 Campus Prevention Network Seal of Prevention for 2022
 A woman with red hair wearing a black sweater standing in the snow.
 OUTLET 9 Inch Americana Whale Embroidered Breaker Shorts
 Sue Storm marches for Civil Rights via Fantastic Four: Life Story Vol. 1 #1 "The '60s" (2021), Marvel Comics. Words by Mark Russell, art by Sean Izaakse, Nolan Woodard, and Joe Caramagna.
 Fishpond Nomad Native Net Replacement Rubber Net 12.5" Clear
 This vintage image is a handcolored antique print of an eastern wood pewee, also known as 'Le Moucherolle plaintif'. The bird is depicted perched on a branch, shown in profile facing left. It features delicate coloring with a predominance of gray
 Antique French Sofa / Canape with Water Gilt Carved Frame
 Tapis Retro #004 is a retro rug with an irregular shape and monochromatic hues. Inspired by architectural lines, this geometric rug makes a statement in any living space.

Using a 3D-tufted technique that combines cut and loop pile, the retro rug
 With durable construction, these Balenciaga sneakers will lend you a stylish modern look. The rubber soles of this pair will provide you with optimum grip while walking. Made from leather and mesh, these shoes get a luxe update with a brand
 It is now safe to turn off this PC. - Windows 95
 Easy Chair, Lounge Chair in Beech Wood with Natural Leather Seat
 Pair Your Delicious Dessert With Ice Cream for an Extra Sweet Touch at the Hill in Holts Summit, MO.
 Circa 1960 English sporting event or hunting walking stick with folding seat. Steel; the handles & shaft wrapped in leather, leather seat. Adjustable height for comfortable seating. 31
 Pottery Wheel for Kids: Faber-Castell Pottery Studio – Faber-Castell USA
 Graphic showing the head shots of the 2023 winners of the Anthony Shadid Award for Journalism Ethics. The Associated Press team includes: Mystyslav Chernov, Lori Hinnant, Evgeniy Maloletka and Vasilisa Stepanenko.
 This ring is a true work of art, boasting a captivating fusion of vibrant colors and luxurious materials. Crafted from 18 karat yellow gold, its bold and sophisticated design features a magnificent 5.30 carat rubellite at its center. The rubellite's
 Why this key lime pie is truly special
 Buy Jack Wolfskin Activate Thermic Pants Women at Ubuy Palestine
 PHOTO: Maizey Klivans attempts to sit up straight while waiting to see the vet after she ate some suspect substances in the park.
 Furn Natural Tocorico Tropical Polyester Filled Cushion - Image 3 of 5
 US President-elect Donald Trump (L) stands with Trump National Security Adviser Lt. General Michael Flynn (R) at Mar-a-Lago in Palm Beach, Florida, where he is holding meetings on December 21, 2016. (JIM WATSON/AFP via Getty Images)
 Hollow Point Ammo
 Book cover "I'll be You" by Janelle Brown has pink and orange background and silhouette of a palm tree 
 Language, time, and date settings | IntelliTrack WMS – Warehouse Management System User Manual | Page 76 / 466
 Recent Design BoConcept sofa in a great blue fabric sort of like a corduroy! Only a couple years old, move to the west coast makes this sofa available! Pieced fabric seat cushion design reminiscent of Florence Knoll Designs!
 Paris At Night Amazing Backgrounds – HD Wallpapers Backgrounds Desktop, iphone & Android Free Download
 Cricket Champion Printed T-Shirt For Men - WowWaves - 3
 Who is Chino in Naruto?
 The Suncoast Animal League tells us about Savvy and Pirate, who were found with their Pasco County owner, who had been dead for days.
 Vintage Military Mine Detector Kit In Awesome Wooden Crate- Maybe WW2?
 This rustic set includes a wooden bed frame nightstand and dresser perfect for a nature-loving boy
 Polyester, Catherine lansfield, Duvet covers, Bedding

━━━

= EXERCISE PROMPT =
Repeat the whole listing exactly. Leave nothing out.

= SOLUTION TO THE PROBLEM =
 Campus Prevention Network Seal of Prevention for 2022
 A woman with red hair wearing a black sweater standing in the snow.
 OUTLET 9 Inch Americana Whale Embroidered Breaker Shorts
 Sue Storm marches for Civil Rights via Fantastic Four: Life Story Vol. 1 #1 "The '60s" (2021), Marvel Comics. Words by Mark Russell, art by Sean Izaakse, Nolan Woodard, and Joe Caramagna.
 Fishpond Nomad Native Net Replacement Rubber Net 12.5" Clear
 This vintage image is a handcolored antique print of an eastern wood pewee, also known as 'Le Moucherolle plaintif'. The bird is depicted perched on a branch, shown in profile facing left. It features delicate coloring with a predominance of gray
 Antique French Sofa / Canape with Water Gilt Carved Frame
 Tapis Retro #004 is a retro rug with an irregular shape and monochromatic hues. Inspired by architectural lines, this geometric rug makes a statement in any living space.

Using a 3D-tufted technique that combines cut and loop pile, the retro rug
 With durable construction, these Balenciaga sneakers will lend you a stylish modern look. The rubber soles of this pair will provide you with optimum grip while walking. Made from leather and mesh, these shoes get a luxe update with a brand
 It is now safe to turn off this PC. - Windows 95
 Easy Chair, Lounge Chair in Beech Wood with Natural Leather Seat
 Pair Your Delicious Dessert With Ice Cream for an Extra Sweet Touch at the Hill in Holts Summit, MO.
 Circa 1960 English sporting event or hunting walking stick with folding seat. Steel; the handles & shaft wrapped in leather, leather seat. Adjustable height for comfortable seating. 31
 Pottery Wheel for Kids: Faber-Castell Pottery Studio – Faber-Castell USA
 Graphic showing the head shots of the 2023 winners of the Anthony Shadid Award for Journalism Ethics. The Associated Press team includes: Mystyslav Chernov, Lori Hinnant, Evgeniy Maloletka and Vasilisa Stepanenko.
 This ring is a true work of art, boasting a captivating fusion of vibrant colors and luxurious materials. Crafted from 18 karat yellow gold, its bold and sophisticated design features a magnificent 5.30 carat rubellite at its center. The rubellite's
 Why this key lime pie is truly special
 Buy Jack Wolfskin Activate Thermic Pants Women at Ubuy Palestine
 PHOTO: Maizey Klivans attempts to sit up straight while waiting to see the vet after she ate some suspect substances in the park.
 Furn Natural Tocorico Tropical Polyester Filled Cushion - Image 3 of 5
 US President-elect Donald Trump (L) stands with Trump National Security Adviser Lt. General Michael Flynn (R) at Mar-a-Lago in Palm Beach, Florida, where he is holding meetings on December 21, 2016. (JIM WATSON/AFP via Getty Images)
 Hollow Point Ammo
 Book cover "I'll be You" by Janelle Brown has pink and orange background and silhouette of a palm tree 
 Language, time, and date settings | IntelliTrack WMS – Warehouse Management System User Manual | Page 76 / 466
 Recent Design BoConcept sofa in a great blue fabric sort of like a corduroy! Only a couple years old, move to the west coast makes this sofa available! Pieced fabric seat cushion design reminiscent of Florence Knoll Designs!
 Paris At Night Amazing Backgrounds – HD Wallpapers Backgrounds Desktop, iphone & Android Free Download
 Cricket Champion Printed T-Shirt For Men - WowWaves - 3
 Who is Chino in Naruto?
 The Suncoast Animal League tells us about Savvy and Pirate, who were found with their Pasco County owner, who had been dead for days.
 Vintage Military Mine Detector Kit In Awesome Wooden Crate- Maybe WW2?
 This rustic set includes a wooden bed frame nightstand and dresser perfect for a nature-loving boy
 Polyester, Catherine lansfield, Duvet covers, Bedding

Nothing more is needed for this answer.